The rule adopted in the cases cited is in harmony with the law as settled in England, and in this country.' Dillon on Municipal Corporations, sec. 739, says: “In this country, the rule has been very generally adopted by the courts, where a new jurisdiction is created by statute, and the inferior court, board, tribunal or officer exercising it proceeds in a summary manner, or in a course different from the common law, that *34the circuit or district court of the State, or other tribunal exercising general, original, common law jurisdiction, has, in the absence of a specific remedy being given, an inherent authority to revise the proceedings of such inferior jurisdiction, by certiorari.”

We have, however, been referred by defendants in error to Trumbo v. The People, 75 Ill. 561, as an authority sustaining their position. Some expressions’ may have been used, in deciding that case, from which it might be inferred that the proper mode to test the legality of the formation of a school district was by information in the nature of a quo warranto, but the question, whether the legality of the action of trustees of schools could be tested by the common law writ of certiorari, was not before the court, and was not decided. The real question in the case cited was, whether the illegality in the formation of a school district could be availed of as á defense, on an application for judgment against delinquent lands, in the collection of a school tax levied by the school district.
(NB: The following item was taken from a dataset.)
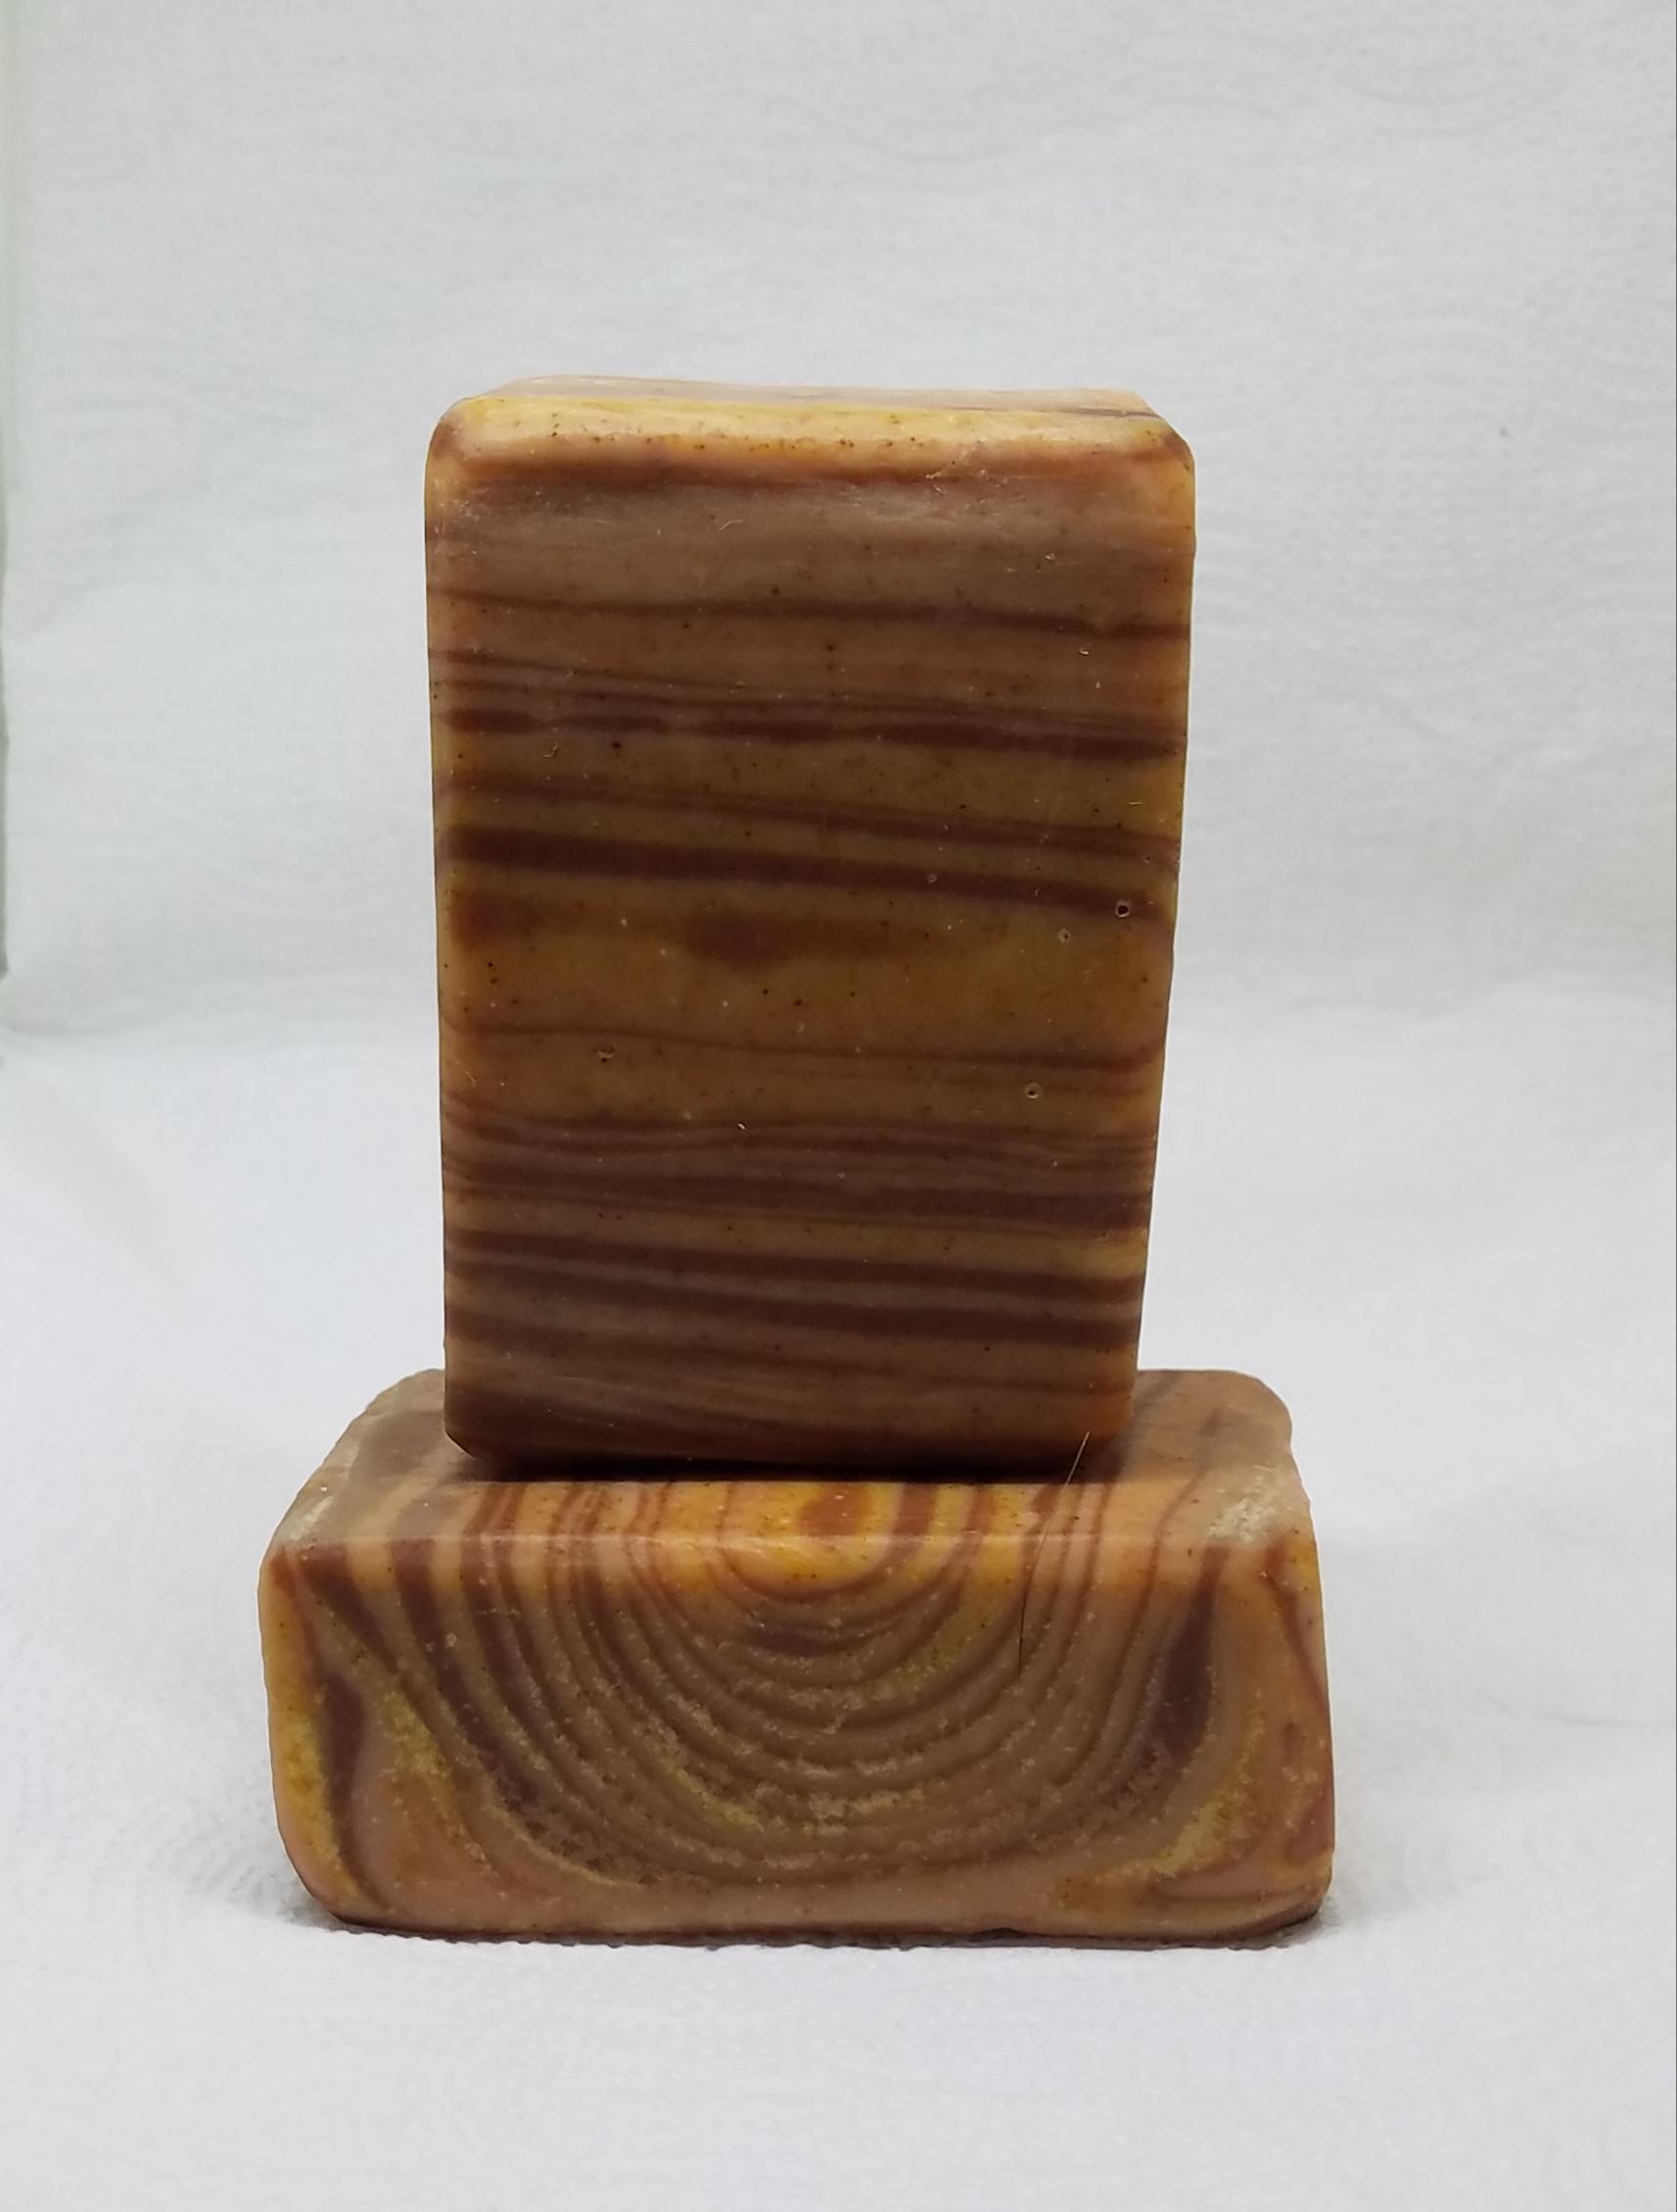 mahogany and teak wood grain goat s milk soap

What was, therefore, said in that case can have no bearing here.

The common law writ of certiorari was the appropriate remedy to bring before the circuit court, for review, the proceedings of the trustees of schools in uniting the school districts named in the petition, and we are of opinion it was error to quash the writ and dismiss the suit.

The judgment will be reversed and the cause remanded.